→ TASK OBJECTIVE
Using the listing below, copy exactly the lines from the one containing "na María Tejeiro" to the one containing "E-BLUE tại CyberFusion", both lines included, and no others.

→ RECORDS FOR PROCESSING
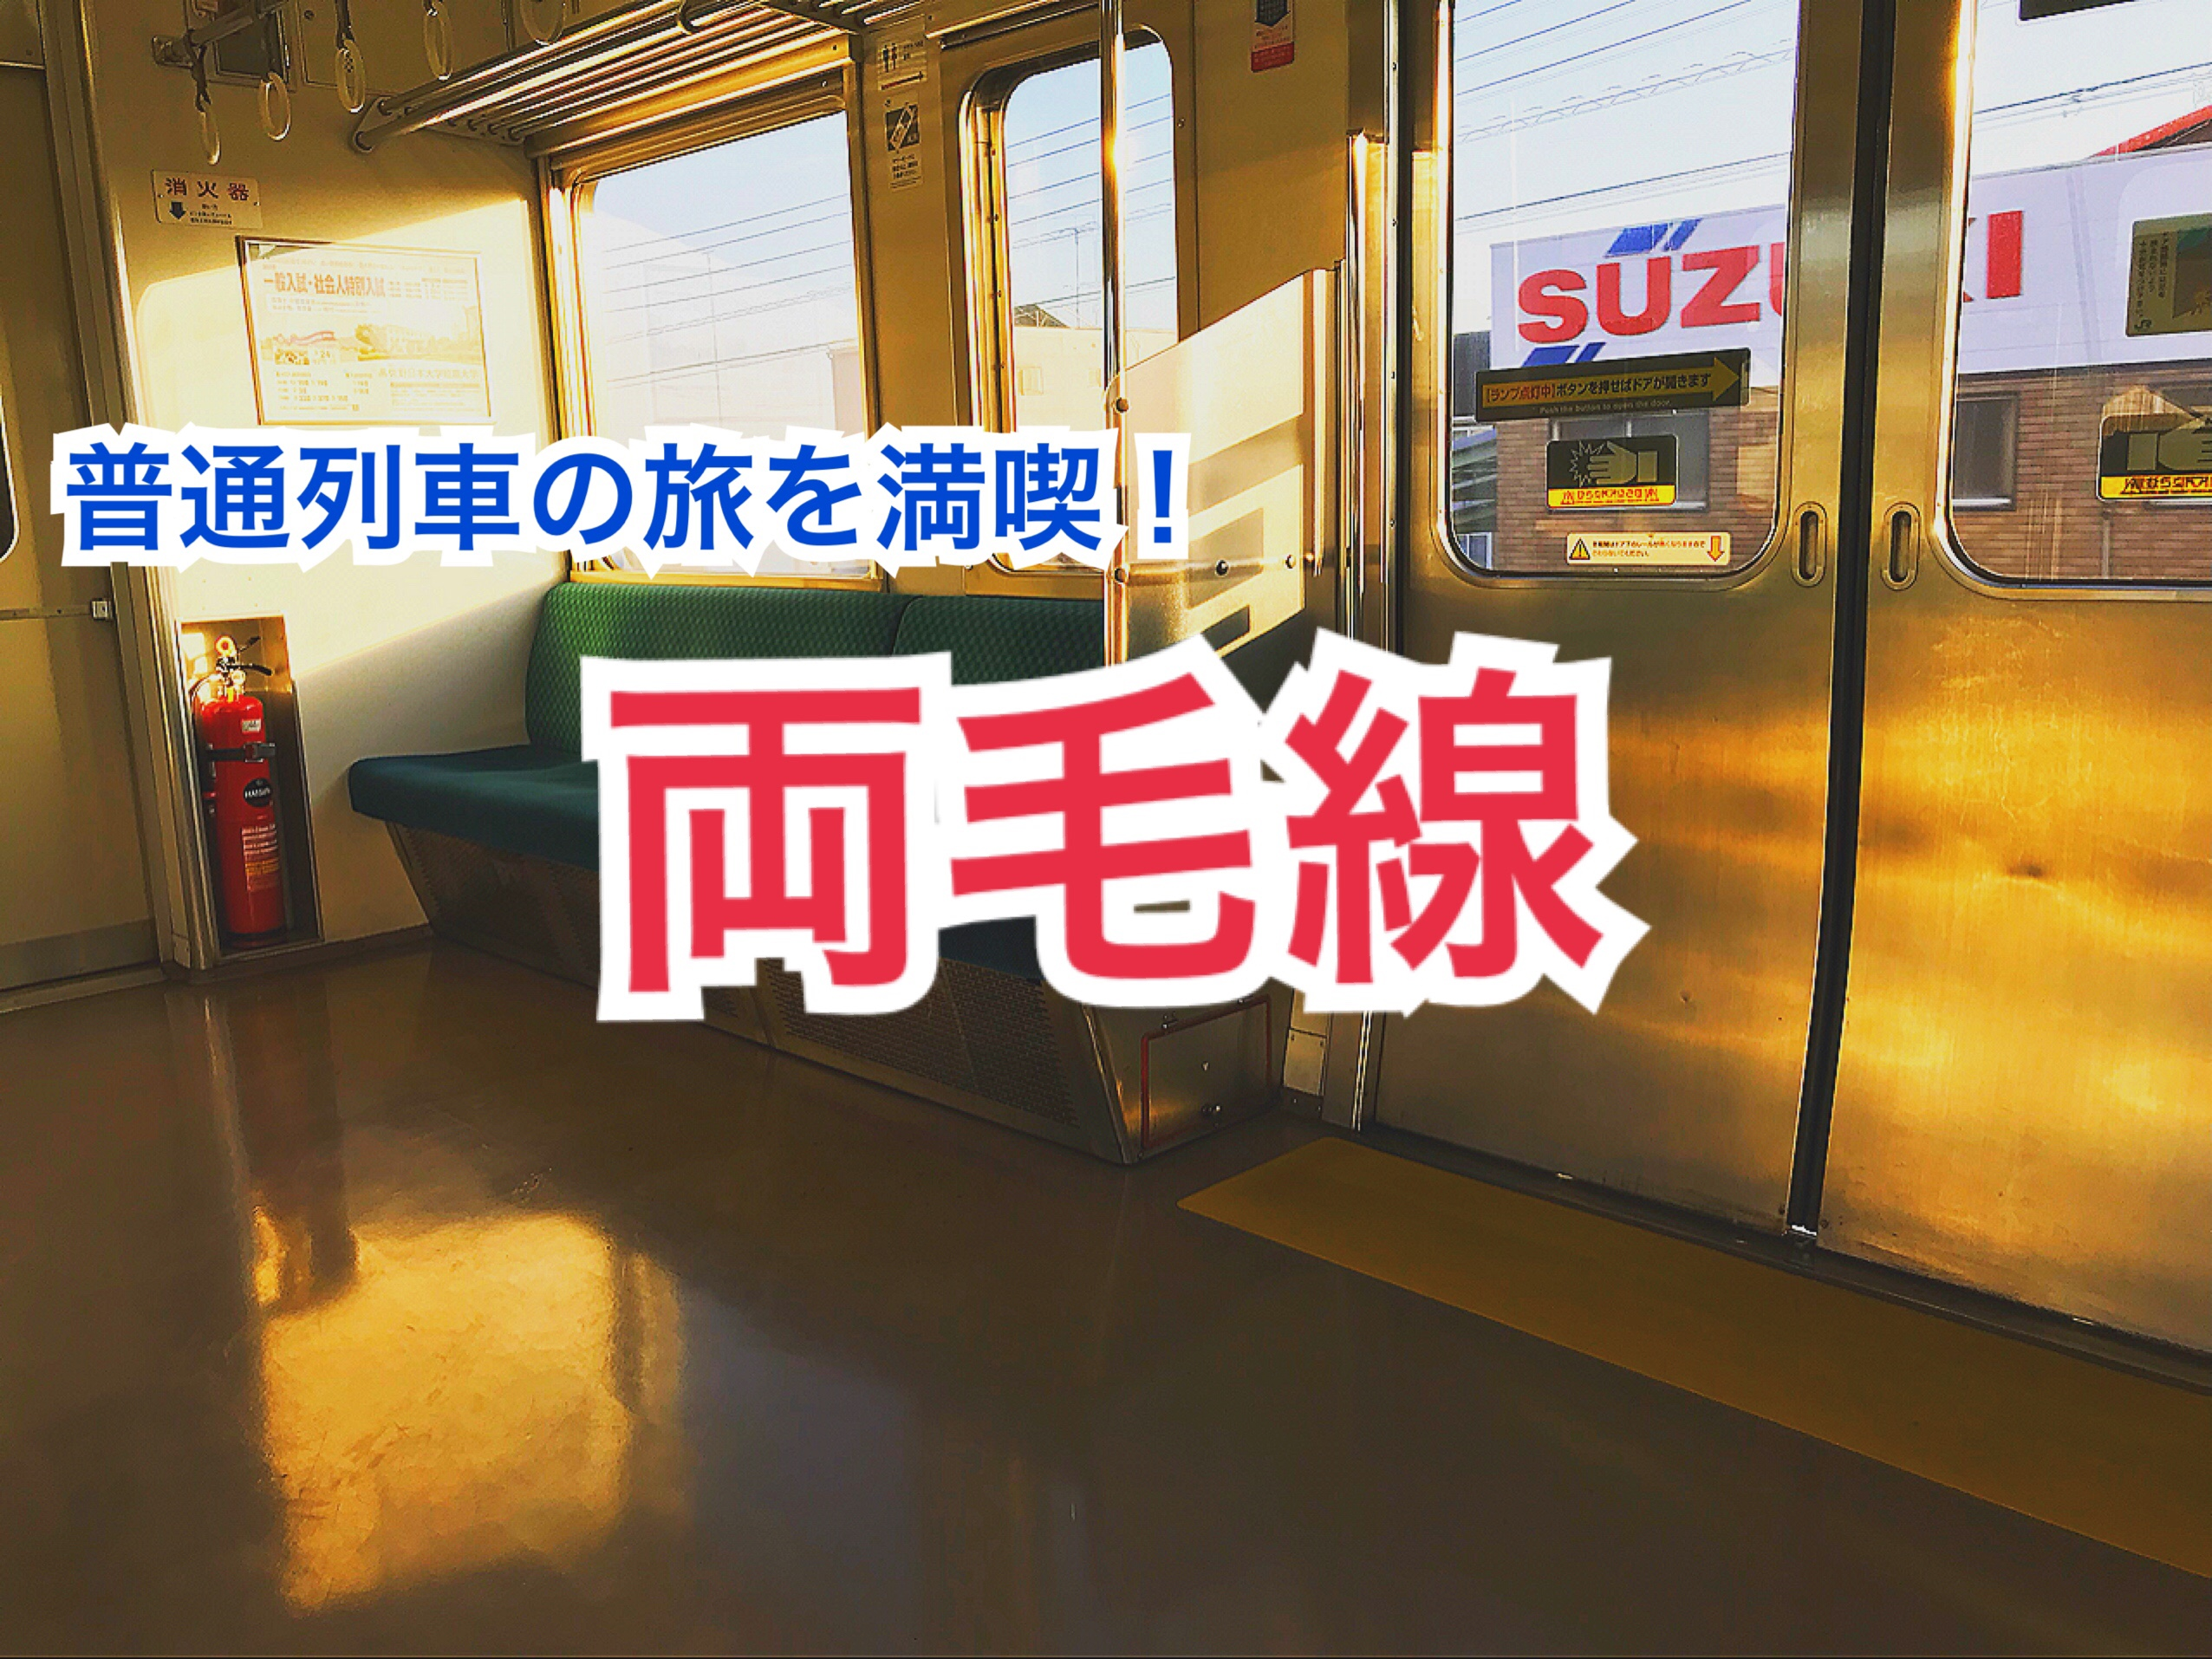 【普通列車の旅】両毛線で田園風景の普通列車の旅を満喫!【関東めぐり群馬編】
--
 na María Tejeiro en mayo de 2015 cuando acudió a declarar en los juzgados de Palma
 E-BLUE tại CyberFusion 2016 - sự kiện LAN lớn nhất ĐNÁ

→ SOLUTION FOR THIS TASK
 na María Tejeiro en mayo de 2015 cuando acudió a declarar en los juzgados de Palma
 E-BLUE tại CyberFusion 2016 - sự kiện LAN lớn nhất ĐNÁ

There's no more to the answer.